**WORK REQUEST:**
Every line below is to be copied exactly, with the pictures left out.

**GIVEN INFORMATION:**

--

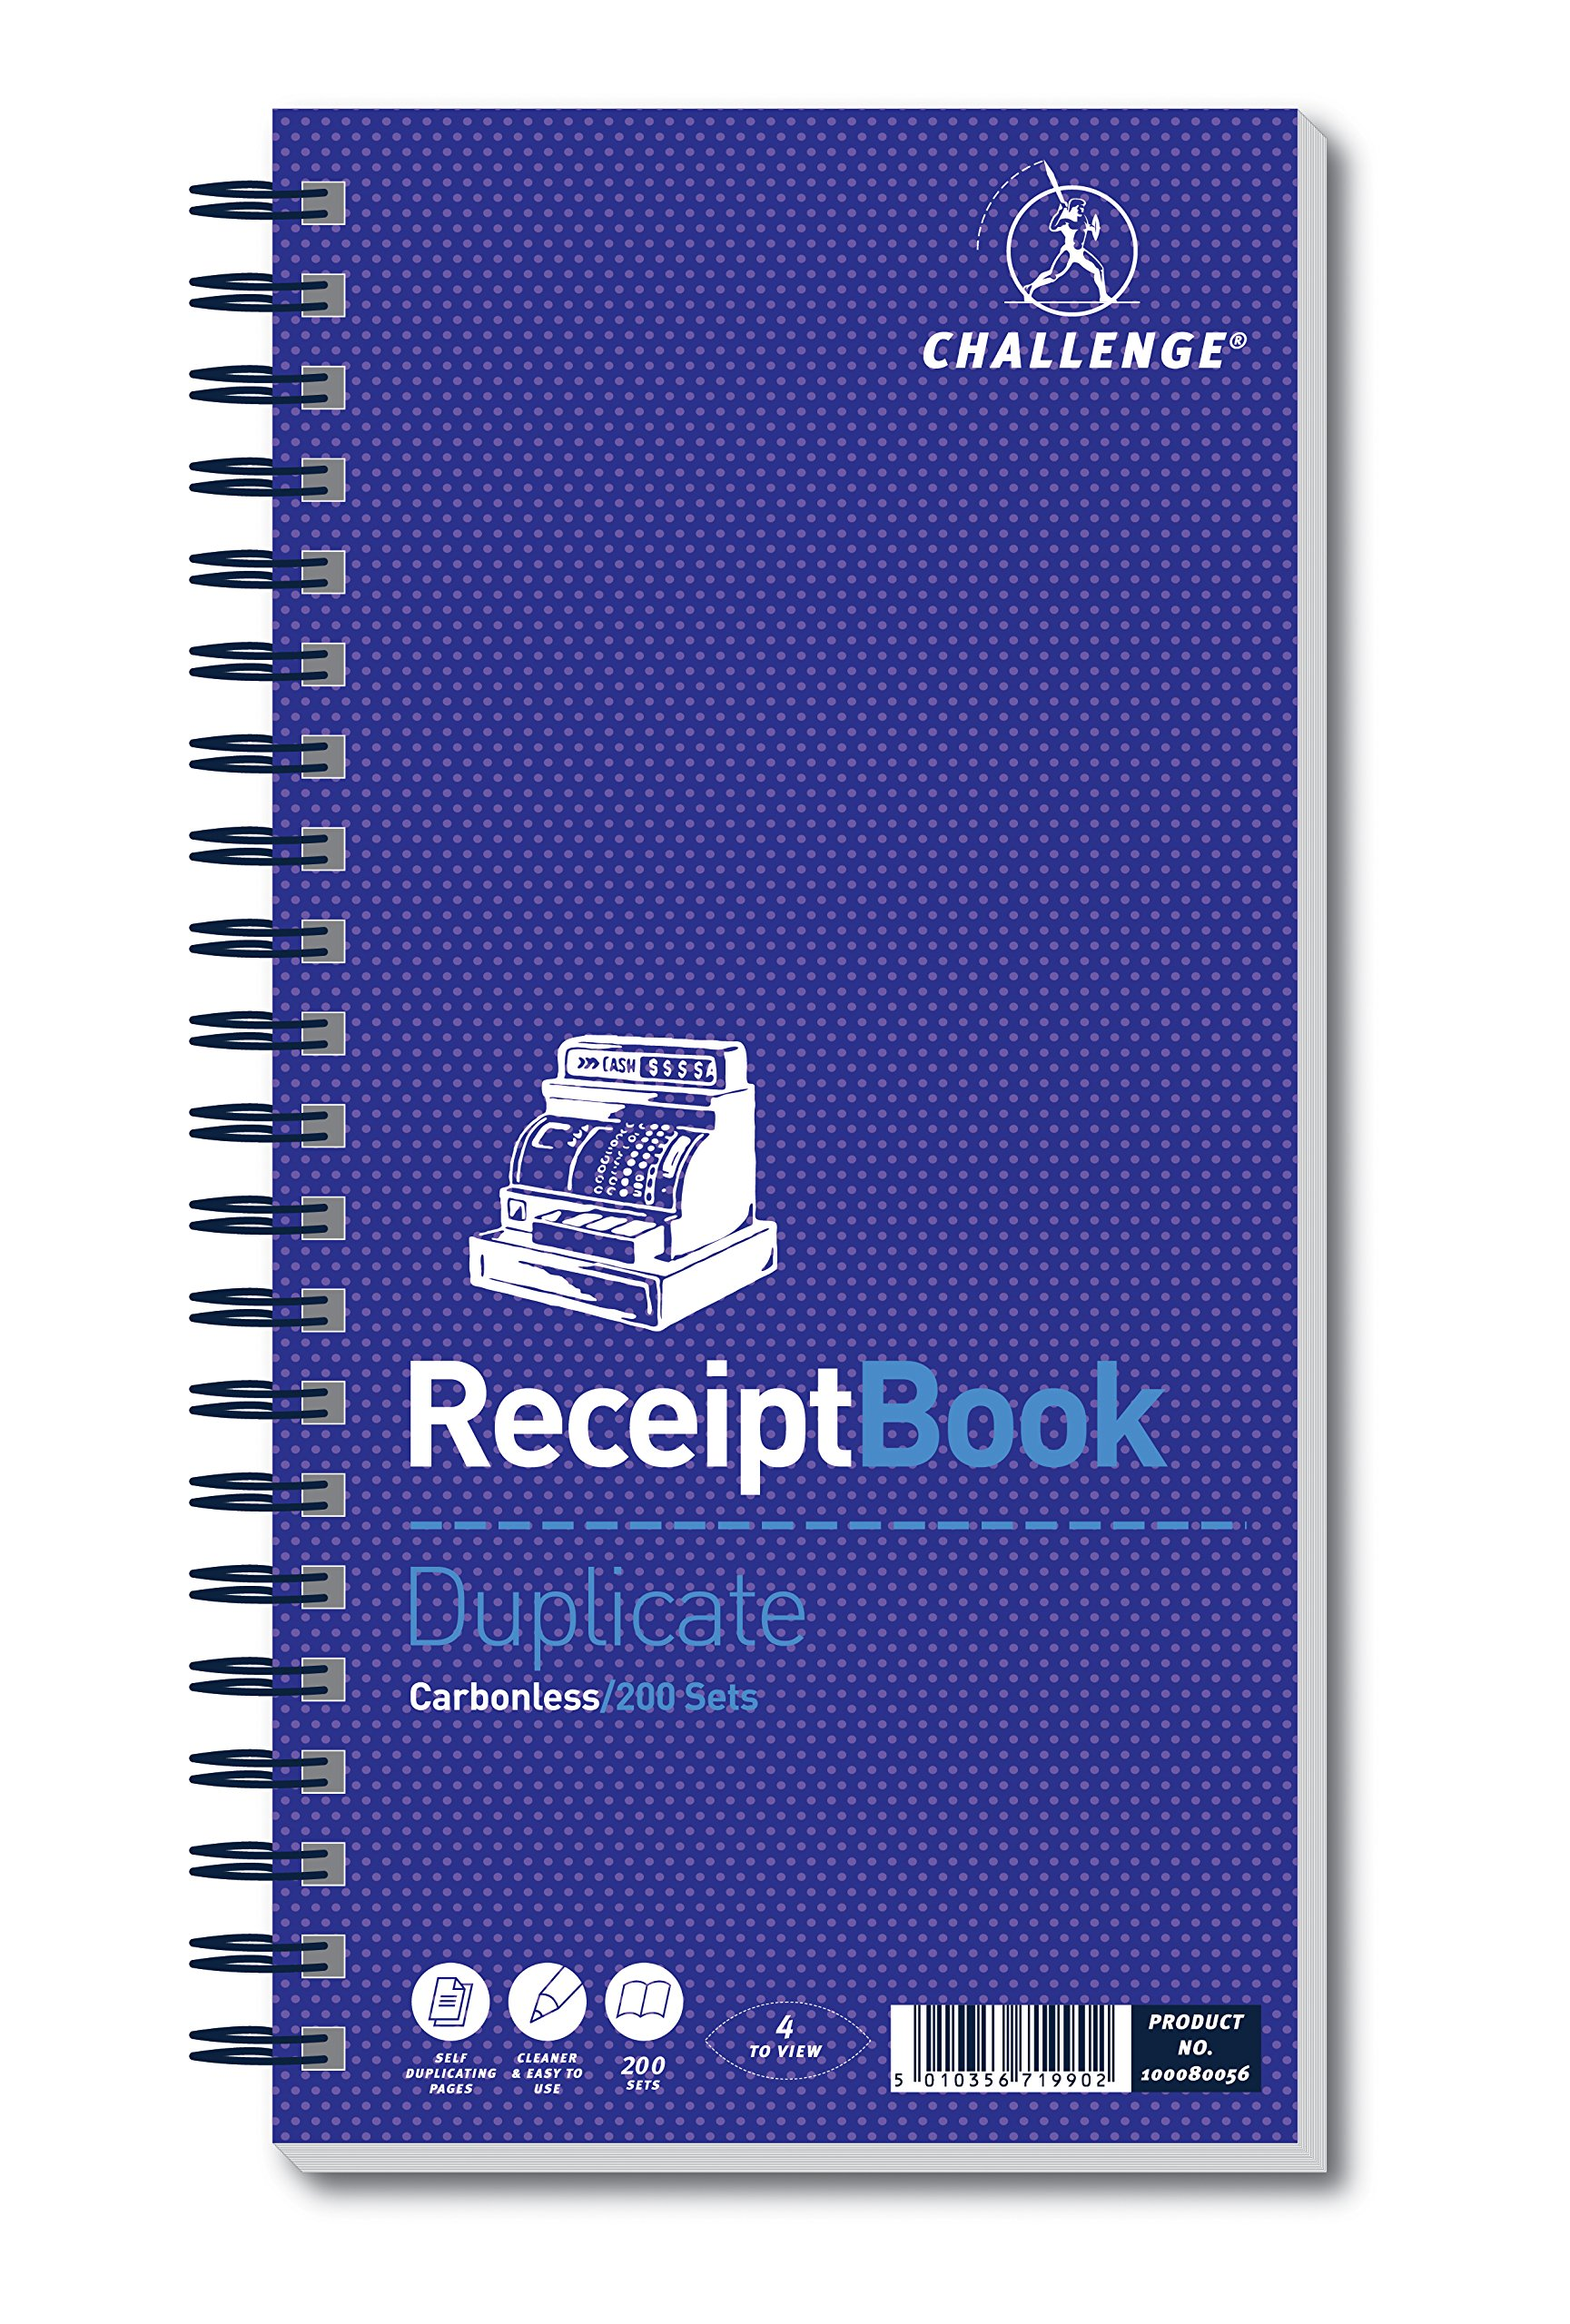 CHALLENGE DUPLICATE BOOK RECEIPT 280X152
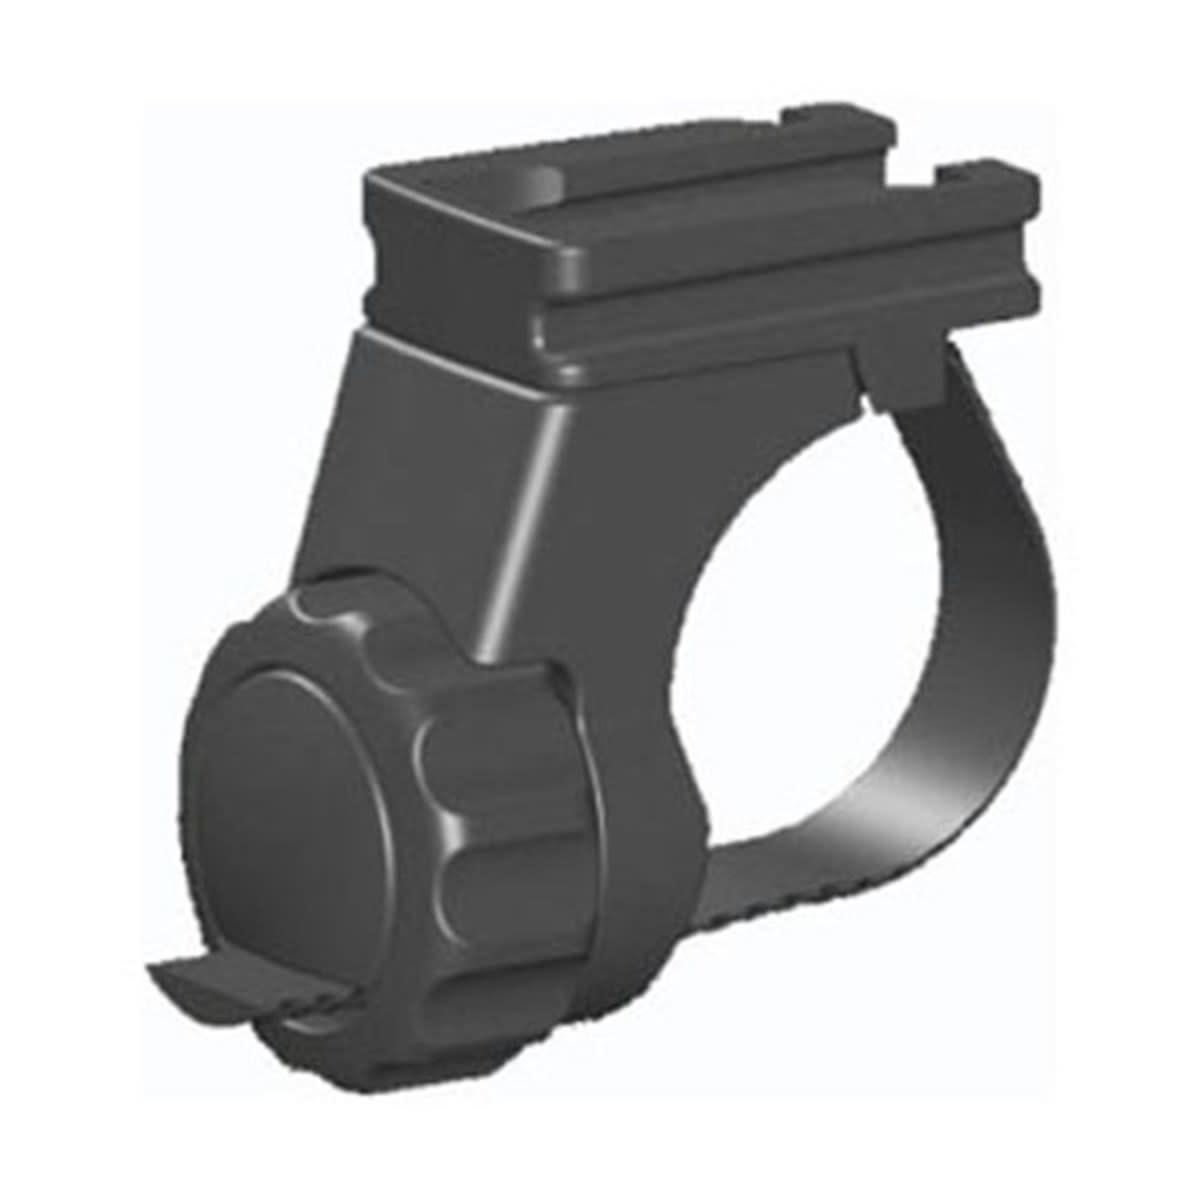 CATEYE H34 FLEX TIGHT BRACKET 22-32MM:
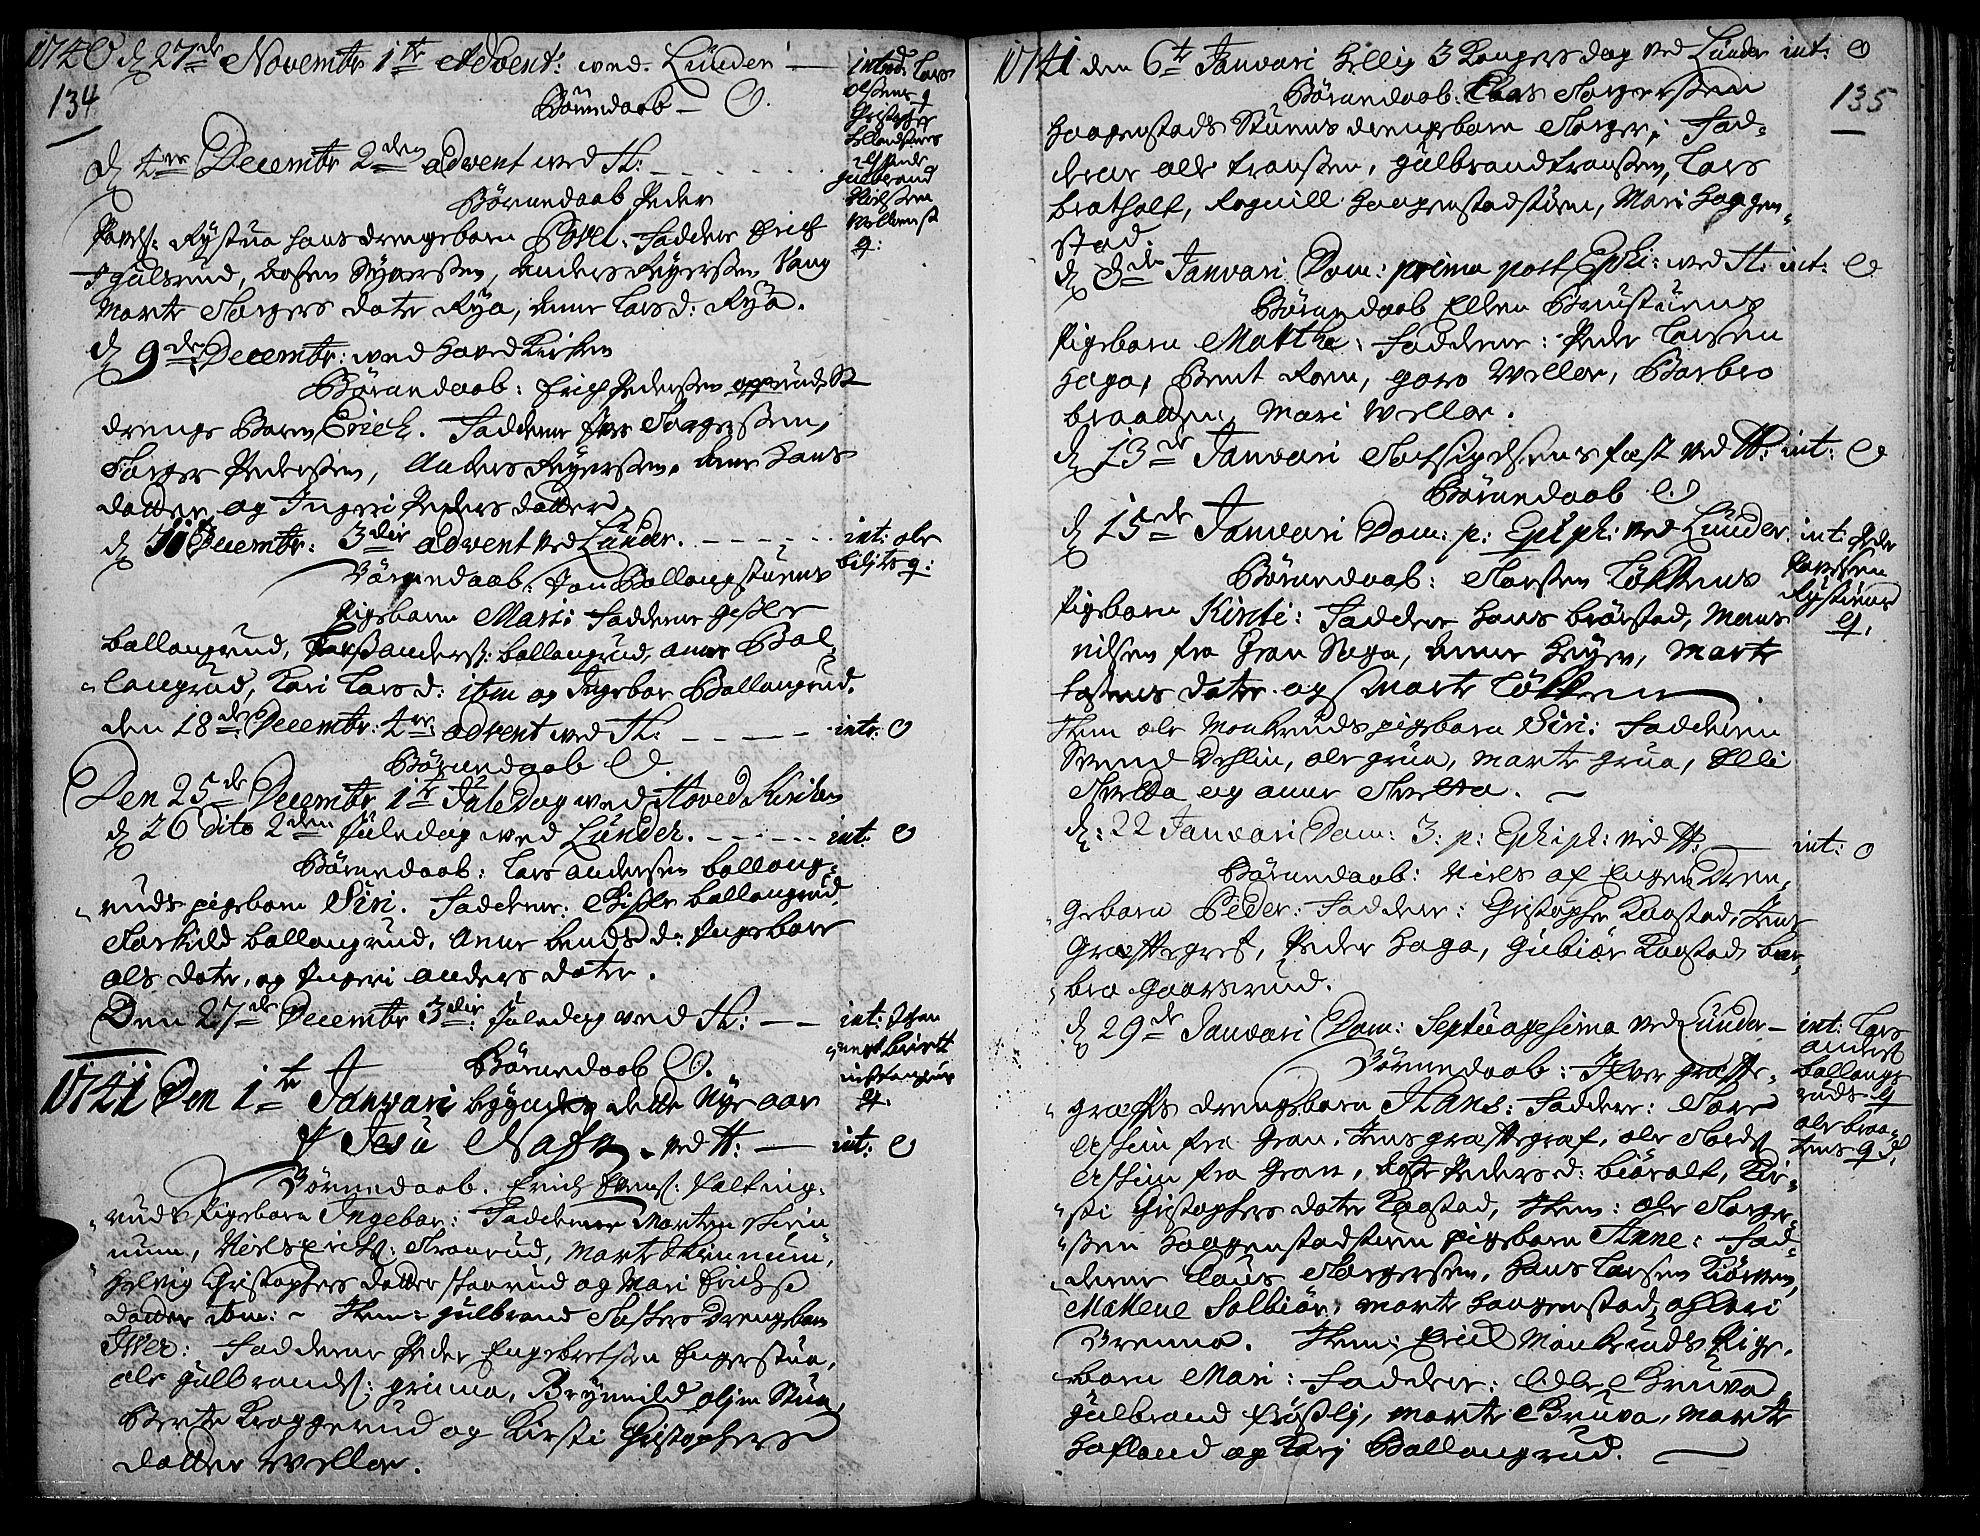 SAH, Jevnaker prestekontor, Ministerialbok nr. 2, 1725-1751, s. 134-135

--

**EXERCISE OUTPUT:**
 CHALLENGE DUPLICATE BOOK RECEIPT 280X152
 CATEYE H34 FLEX TIGHT BRACKET 22-32MM:
 SAH, Jevnaker prestekontor, Ministerialbok nr. 2, 1725-1751, s. 134-135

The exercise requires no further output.